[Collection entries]
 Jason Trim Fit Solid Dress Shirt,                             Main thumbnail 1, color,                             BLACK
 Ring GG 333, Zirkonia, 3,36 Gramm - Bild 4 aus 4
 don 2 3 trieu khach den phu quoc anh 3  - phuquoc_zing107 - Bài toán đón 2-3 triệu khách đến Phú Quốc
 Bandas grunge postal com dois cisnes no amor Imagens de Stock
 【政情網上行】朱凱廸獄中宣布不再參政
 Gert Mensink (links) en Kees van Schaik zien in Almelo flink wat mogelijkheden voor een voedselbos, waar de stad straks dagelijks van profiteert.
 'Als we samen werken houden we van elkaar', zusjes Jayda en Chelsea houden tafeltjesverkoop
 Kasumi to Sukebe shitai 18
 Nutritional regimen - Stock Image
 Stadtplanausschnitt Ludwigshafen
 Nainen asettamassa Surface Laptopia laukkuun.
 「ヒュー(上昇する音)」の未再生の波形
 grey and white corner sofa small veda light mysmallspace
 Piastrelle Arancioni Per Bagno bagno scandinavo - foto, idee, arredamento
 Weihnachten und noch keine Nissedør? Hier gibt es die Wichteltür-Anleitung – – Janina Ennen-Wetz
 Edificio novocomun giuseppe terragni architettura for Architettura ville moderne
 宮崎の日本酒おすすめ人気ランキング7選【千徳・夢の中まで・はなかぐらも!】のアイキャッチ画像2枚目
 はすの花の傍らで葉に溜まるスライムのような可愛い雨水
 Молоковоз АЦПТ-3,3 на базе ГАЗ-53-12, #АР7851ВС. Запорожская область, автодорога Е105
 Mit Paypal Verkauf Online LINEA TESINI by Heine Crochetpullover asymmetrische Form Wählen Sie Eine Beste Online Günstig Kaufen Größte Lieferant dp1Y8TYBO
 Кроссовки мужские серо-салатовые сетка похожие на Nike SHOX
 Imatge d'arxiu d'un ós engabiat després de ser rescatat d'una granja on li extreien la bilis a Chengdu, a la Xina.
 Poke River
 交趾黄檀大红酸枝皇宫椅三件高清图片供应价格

| Required action |
Write out a verbatim copy of the data, beginning with its first line and ending with the line that contains "Gert Mensink (links)".

| Solution for this task |
 Jason Trim Fit Solid Dress Shirt,                             Main thumbnail 1, color,                             BLACK
 Ring GG 333, Zirkonia, 3,36 Gramm - Bild 4 aus 4
 don 2 3 trieu khach den phu quoc anh 3  - phuquoc_zing107 - Bài toán đón 2-3 triệu khách đến Phú Quốc
 Bandas grunge postal com dois cisnes no amor Imagens de Stock
 【政情網上行】朱凱廸獄中宣布不再參政
 Gert Mensink (links) en Kees van Schaik zien in Almelo flink wat mogelijkheden voor een voedselbos, waar de stad straks dagelijks van profiteert.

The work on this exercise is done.